"ANNE" AND "NICK" sat downtown on a recent weekday, perched on the scant strip of curb-hugging sidewalk that Portland allots to people with nowhere better to go. The spot where they laid out their small cardboard sign, on SW 3rd, had been deliberately picked to minimize the ire of tourists and shopkeepers.

They know what they look like. And they know the names people call them, names like "road warriors" and "street kids."

"We get it. We smell bad," Anne says. "We want to take a shower. There's just no place to do it."

In town for a just few days, they say they'll be out in a few more, heading east. After a hard road overcoming dope habits, Anne and Nick hold onto a basic rule as they wander the country: Never linger anywhere long enough to rebuild the familiar triangle of addiction—from campsite to begging corner to dealer and back—that used to pin them down.

"We stay a couple of days and then leave," Anne says. "I don't see the harm in that. As long as you're not a leech."

But in Portland, pretty soon, that self-awareness may not matter.

Because big business is winning its war against "street kids" of all stripes—and anyone else forced to call the city's sidewalks their home.

That crusade, led by the Portland Business Alliance (PBA), took a major step forward last week when the Oregon House of Representatives passed a bill, HB 2963, meant to revive Portland's old "sit-lie" laws. Then, days later, the Oregonian's conservative-toned opinion pages followed with a blunt editorial urging the Senate to follow suit. Harsh sidewalk rules, it said, are "a good thing."
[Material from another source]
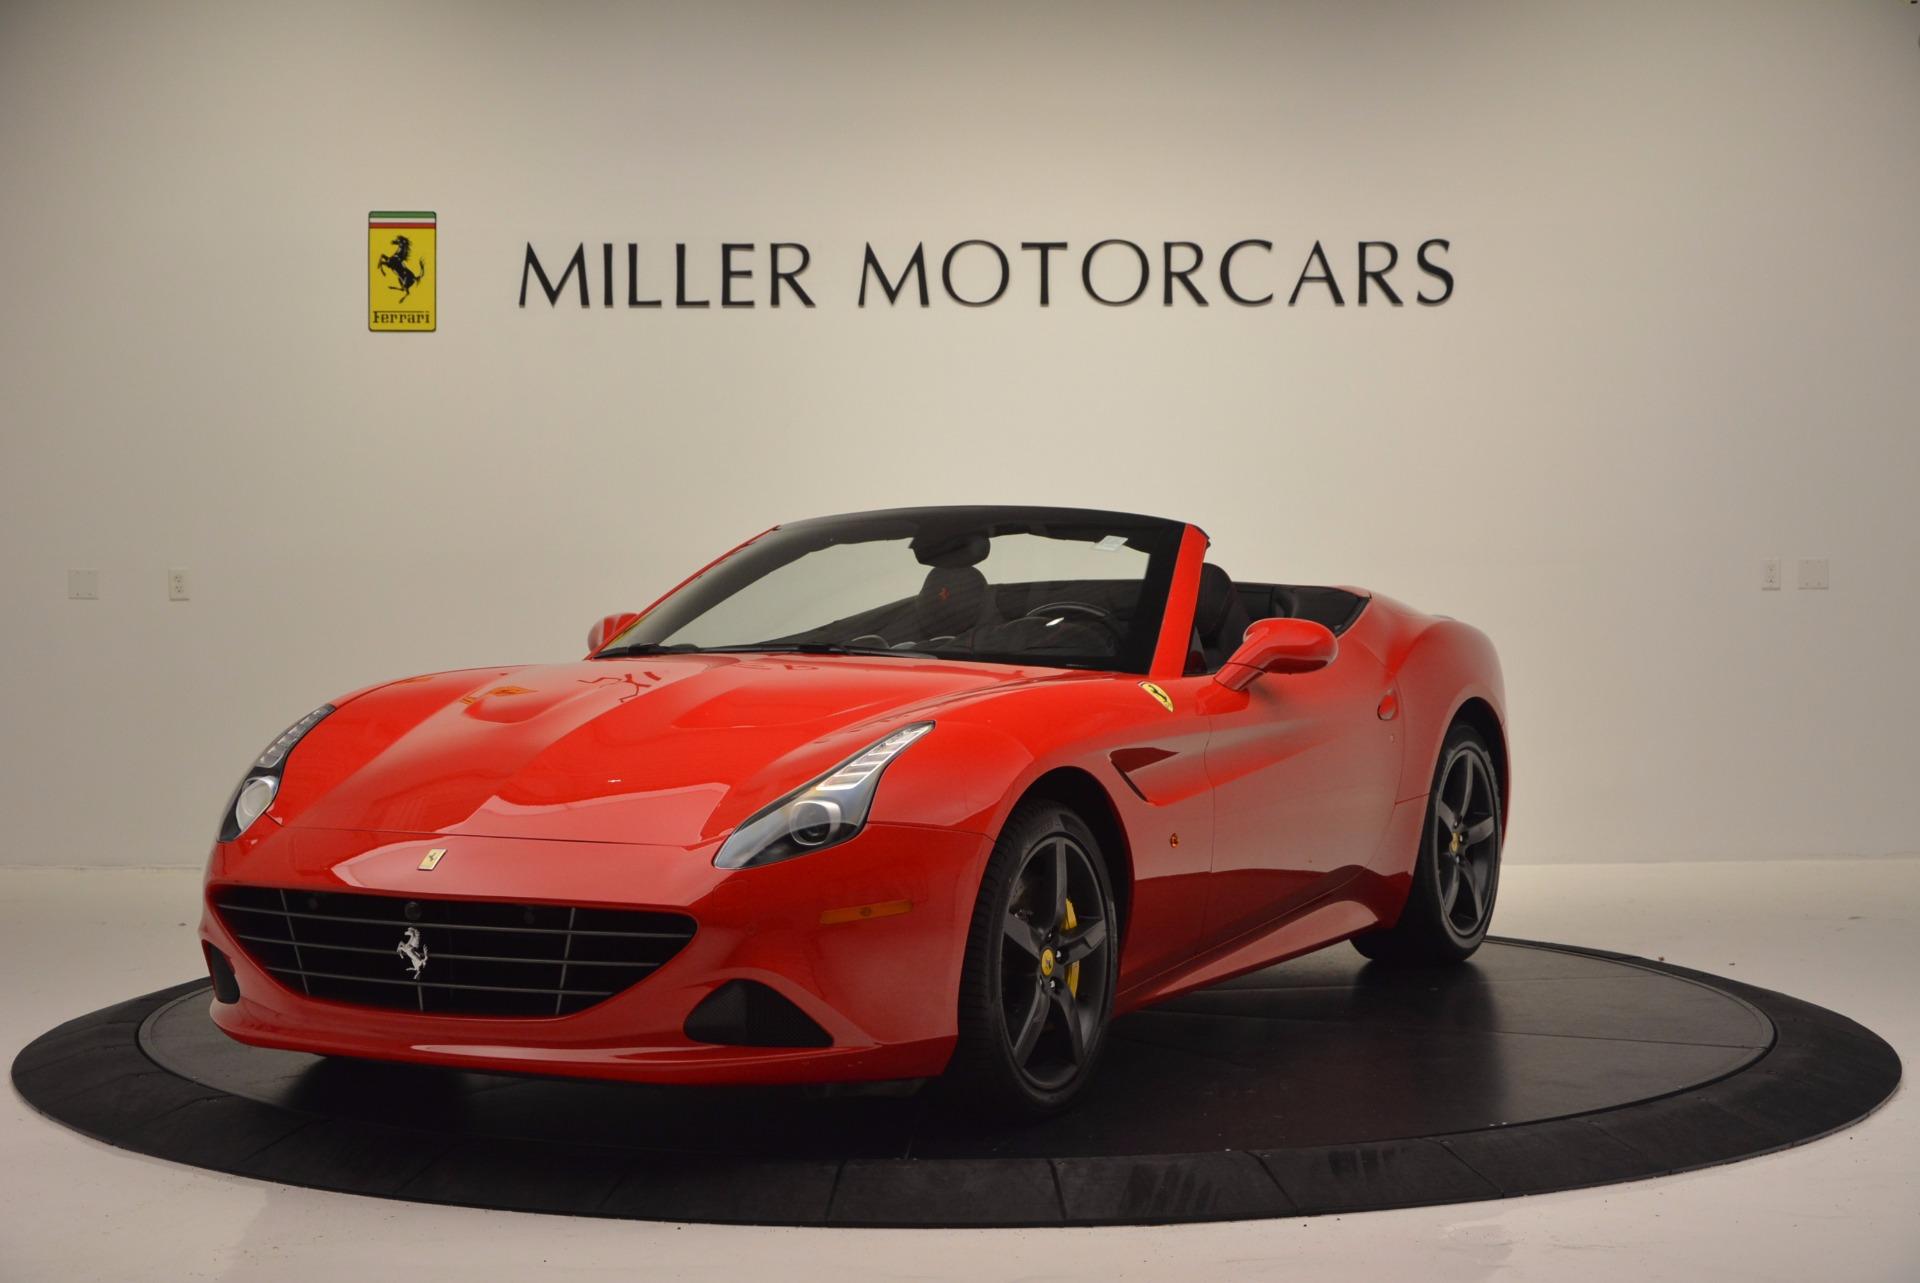 Used 2016 Ferrari California T for sale $149,900 at Aston Martin of Greenwich in Greenwich CT 06830 1

I asked Anne and Nick what they thought about that. They're not so convinced—and not for any of the self-interested reasons you might presume.

They've spent enough time in cities like San Francisco, where it's still illegal to sit or lie down on a sidewalk, to have learned something. Junkies and addicts and aggressive panhandlers—precisely the kinds of people the business lobby fears—abound as much as ever. "But now," Anne says, "they just stand."

And selective targeting by cops and security guards—precisely what homelessness advocates in Portland fear—remains an unforgiving reality.

"You're not allowed to be in public spaces," Nick says, "if you look homeless."

So what should Portland do? Anne and Nick have some thoughts on that, too.

They get that Portland has an issue with "lots of junkie kids who come here because they think the dope is good. Even though it's not." One of those kids was a few blocks away—world-weary and trying to charm pedestrians while also hiding a syringe in his pocket.

But where, they wonder, are the resources to help those kids climb past their addictions and into something better? Not just free meals, so you get comfortable using. But job training. And programs with social workers who don't judge you and make you feel "scared or uncomfortable" or generally like shit.

"Maybe," Nick says, "they should work more on that."